メリークリスマス!!-3-

「いちっ、すごいよ!!」

「あぁ、すげーな」

「ほんとにすごいと思ってる?」

「思ってる思ってる。お前の喜びようが」

少しむすっとして、壱琉の腕を叩いたむくに、軽く笑った。
近くの夜景の見れるドライブを始めてから、とても良い場所に車を止めて降りて眺めている。
恋人らしいことと言えば、こんなことしか思い浮かばなかった。
むくの喜ぶ顔を見れたらそれだけでよかったのに、とてもうれしそうに微笑むむくに思わず自分も笑ってしまう。

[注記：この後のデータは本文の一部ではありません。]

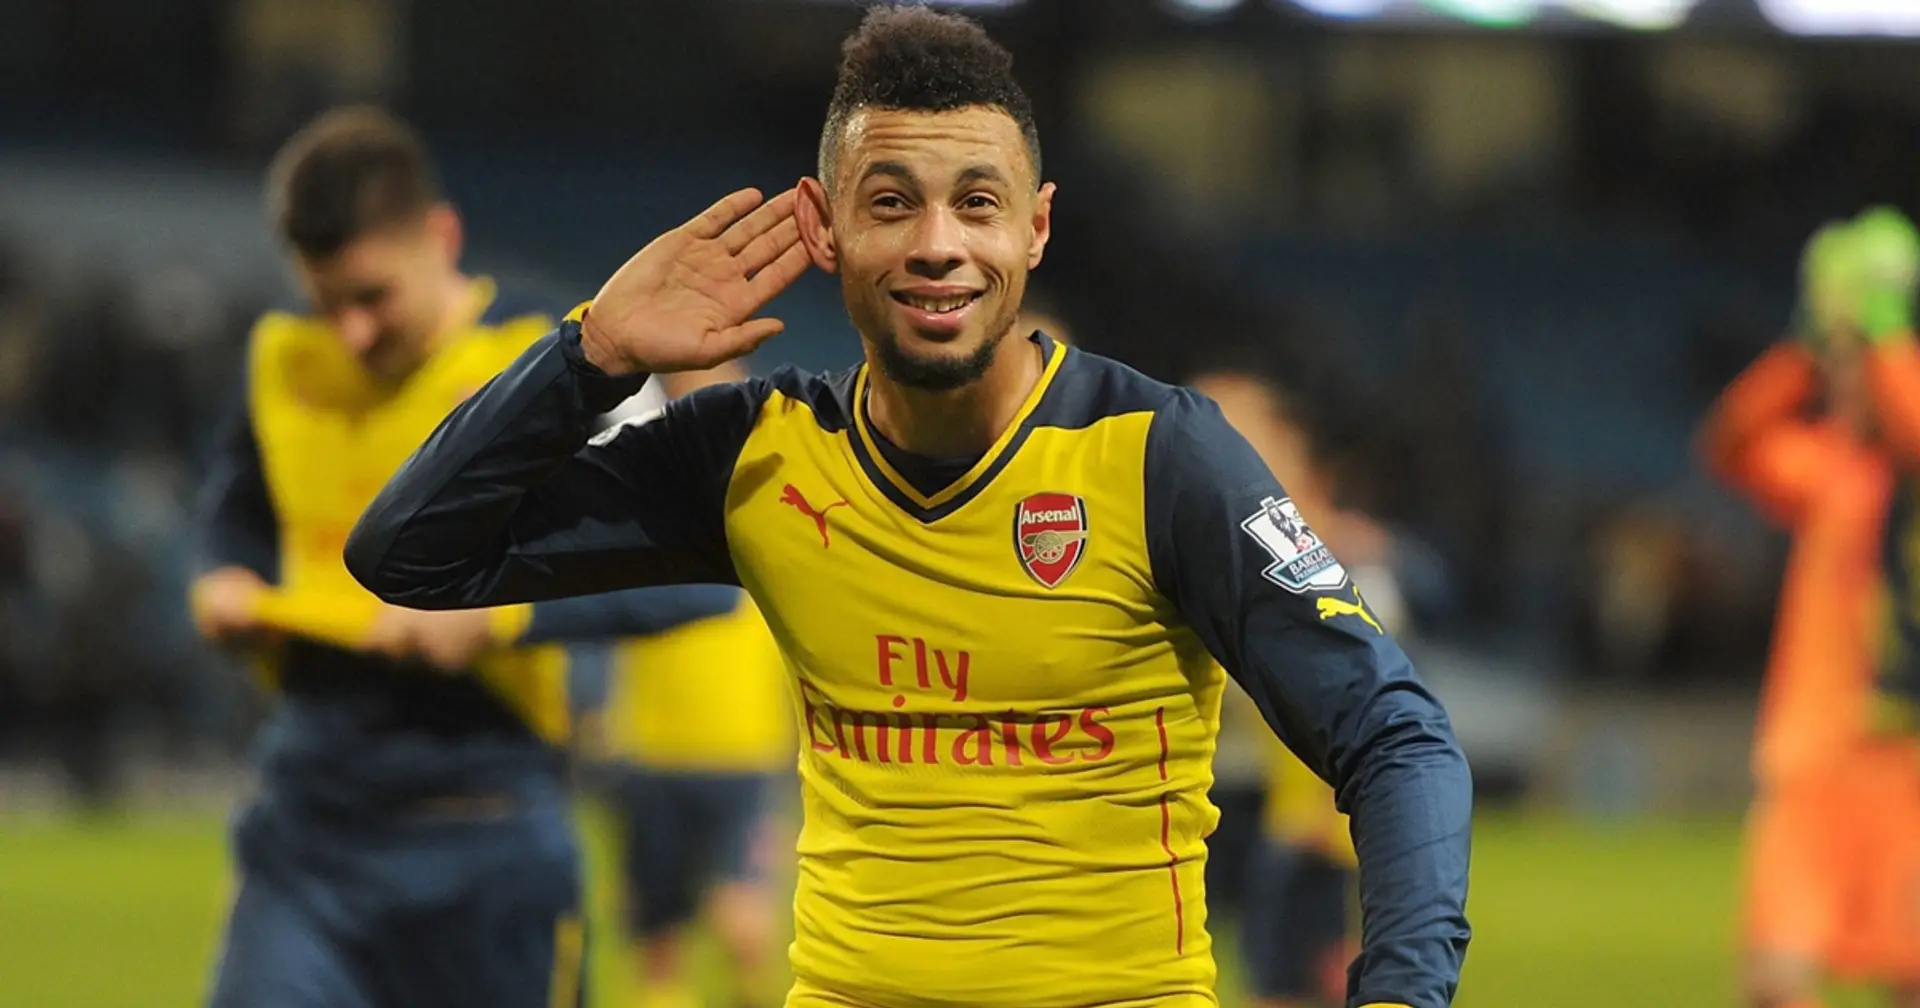 'You've been Coq blocked!': Coquelin's best Arsenal season in numbers as midfielder leaves Valencia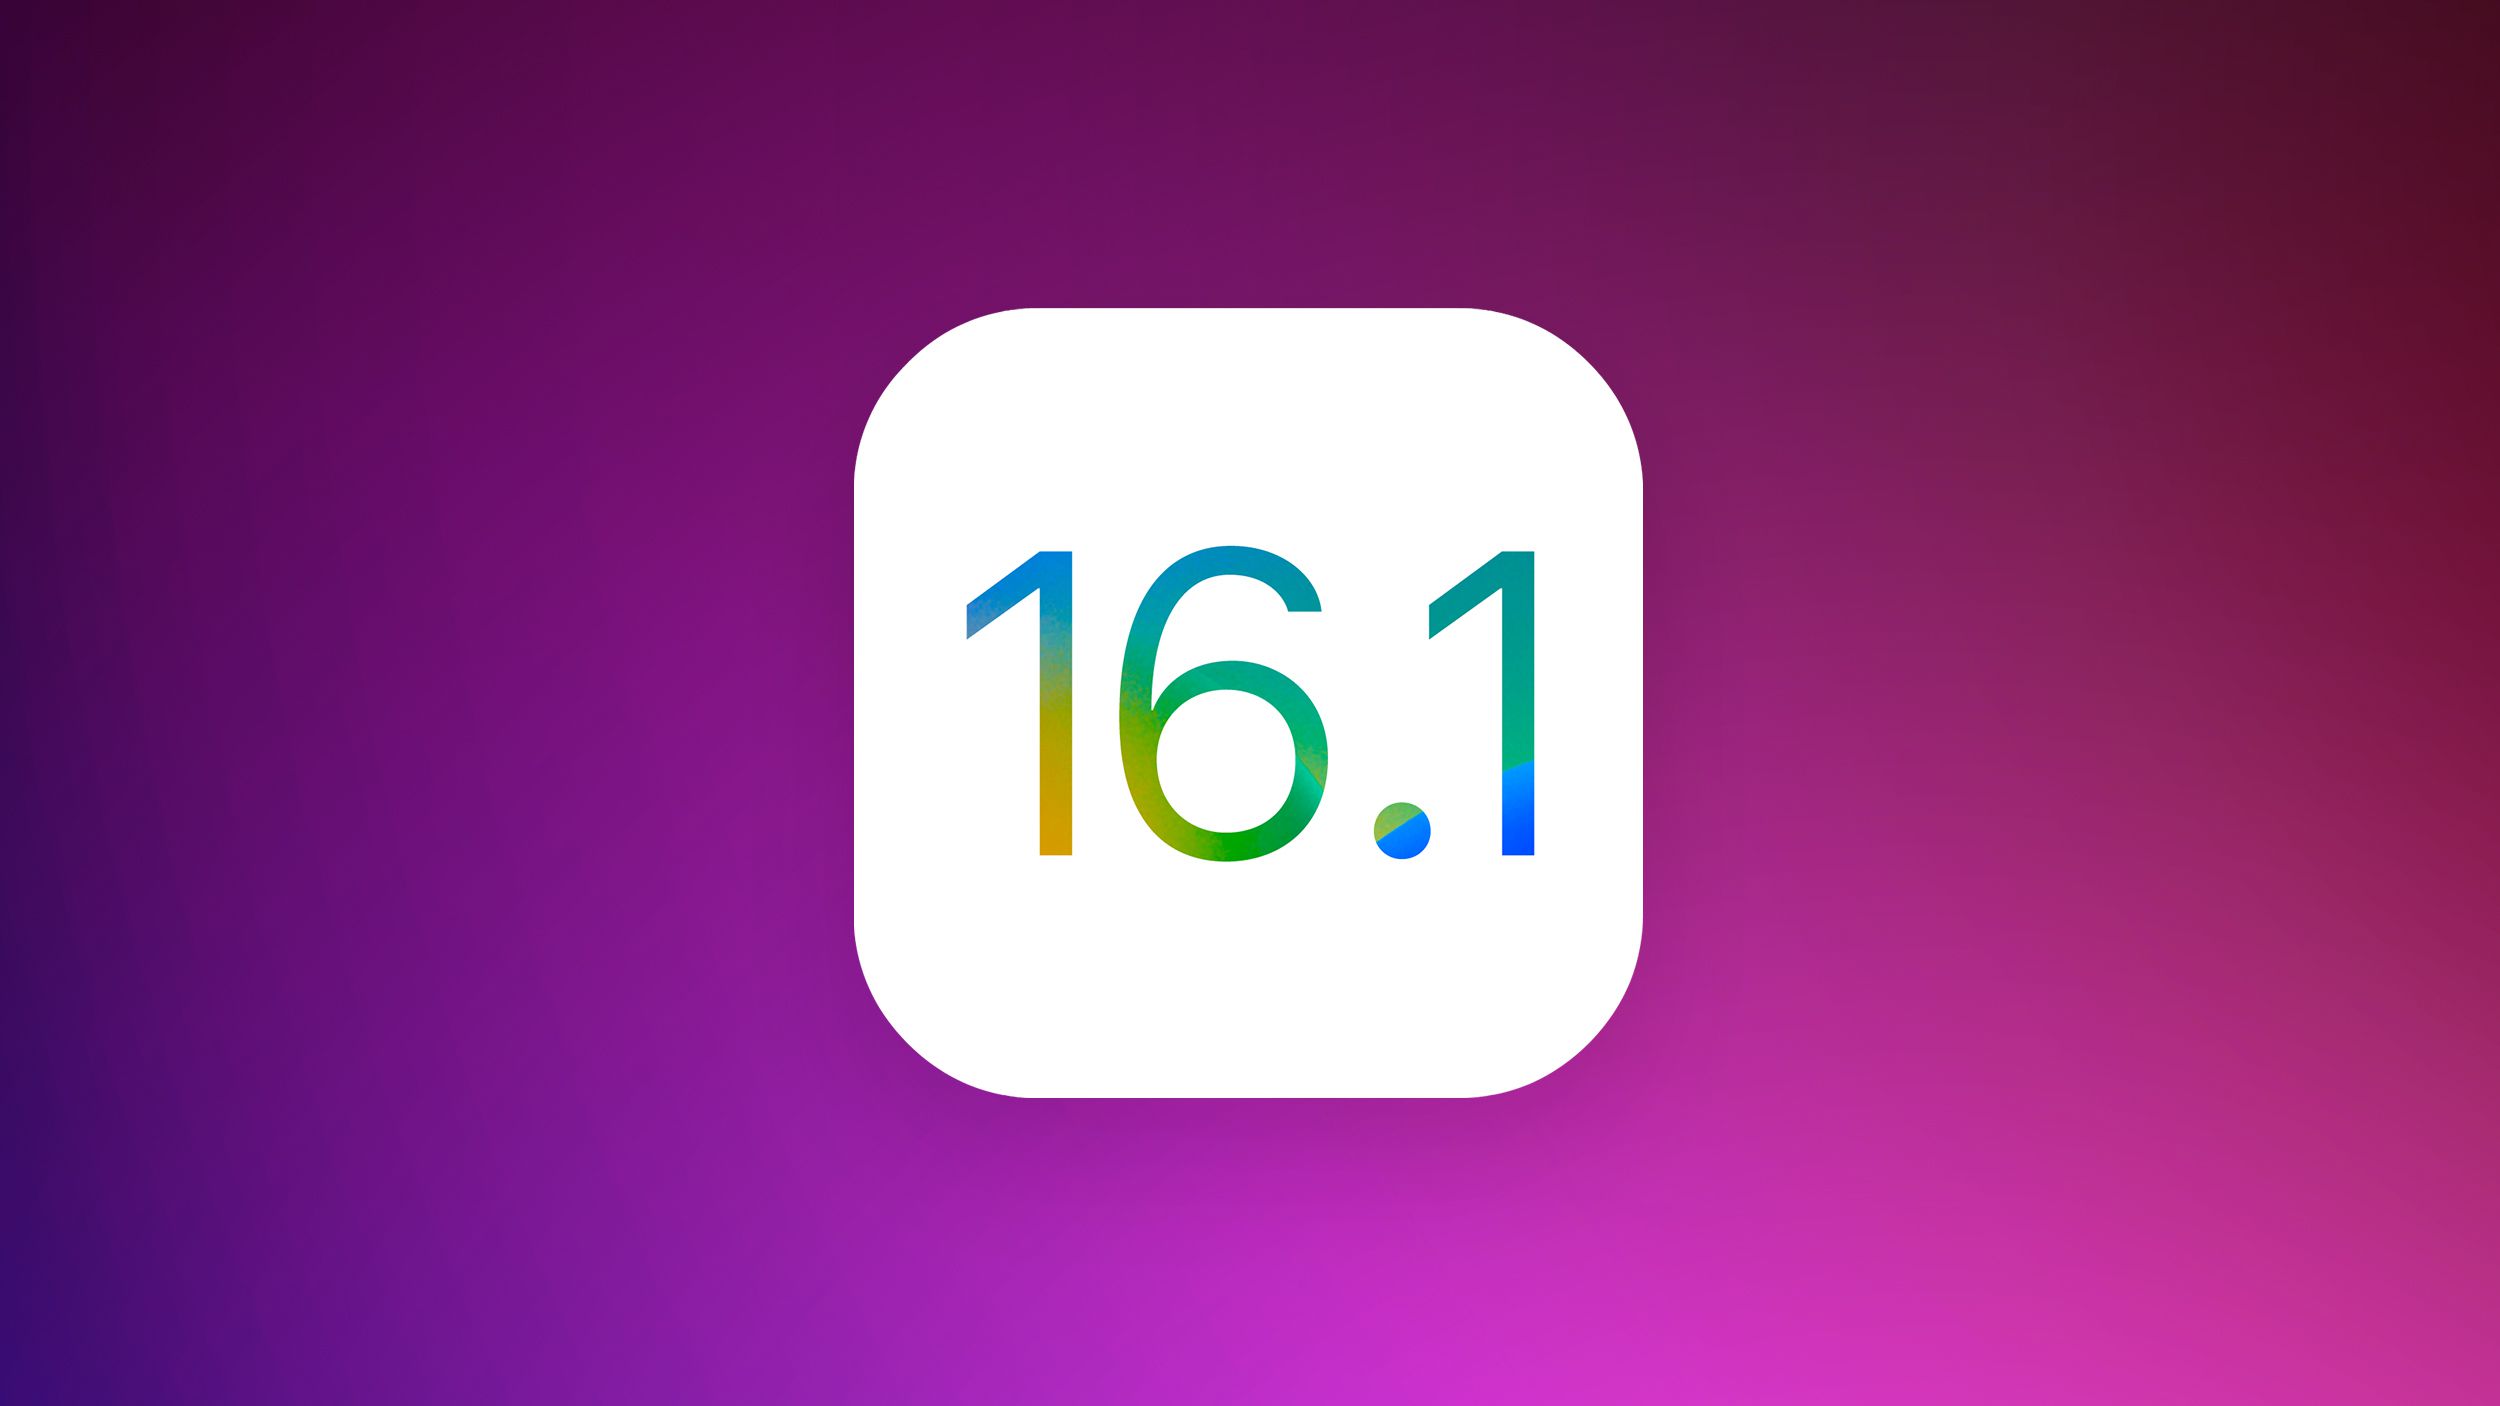 Apple Seeds New Public Betas of iOS 16.1 and iPadOS 16.1 With Stage Manager for Older iPad Pro Models

「いちが、こんなデートらしい場所に連れてきてくれると思わなかった」

「…失礼な奴だな」

「だって、いつもマンションばっかじゃん。…まあ、むくは女の子じゃないからそこまで、がんばってくれなくてもいいけど」

「何寂しそうな顔してんだよ。…ここは、春野から聞いたんだよ」

「え?」

「去年のクリスマス、来たんだと。汰絽が喜んでたから、お前も喜ぶだろうってさ」

壱琉の言葉に目を見開く。
少し照れくさそうに煙草を取り出した壱琉の顔を覗き込んで、ぱちぱちと瞬きをした。


「本当? むくのこと、ちゃんと考えてくれた?」

「わかってんだろ」

「…嬉しい」

今度はむくの頬が赤く染まった。
ばっと顔を背けて、ぺちぺちと頬を叩いてるむくを見ていると、軽く笑いがこみ上げてくる。
煙草を片手に、むくの腰を抱き寄せた。


「来年は、夜の水族館でも行ってみるか」

「うん、むく水族館好きだよ」

「そうだと思ってた。夏にはダイバーライセンス取りに行くか」

「もう夏の話?」

「たまにはいいだろ」

嬉しそうににこにこと笑うむくの唇に小鳥のようなキスを送った。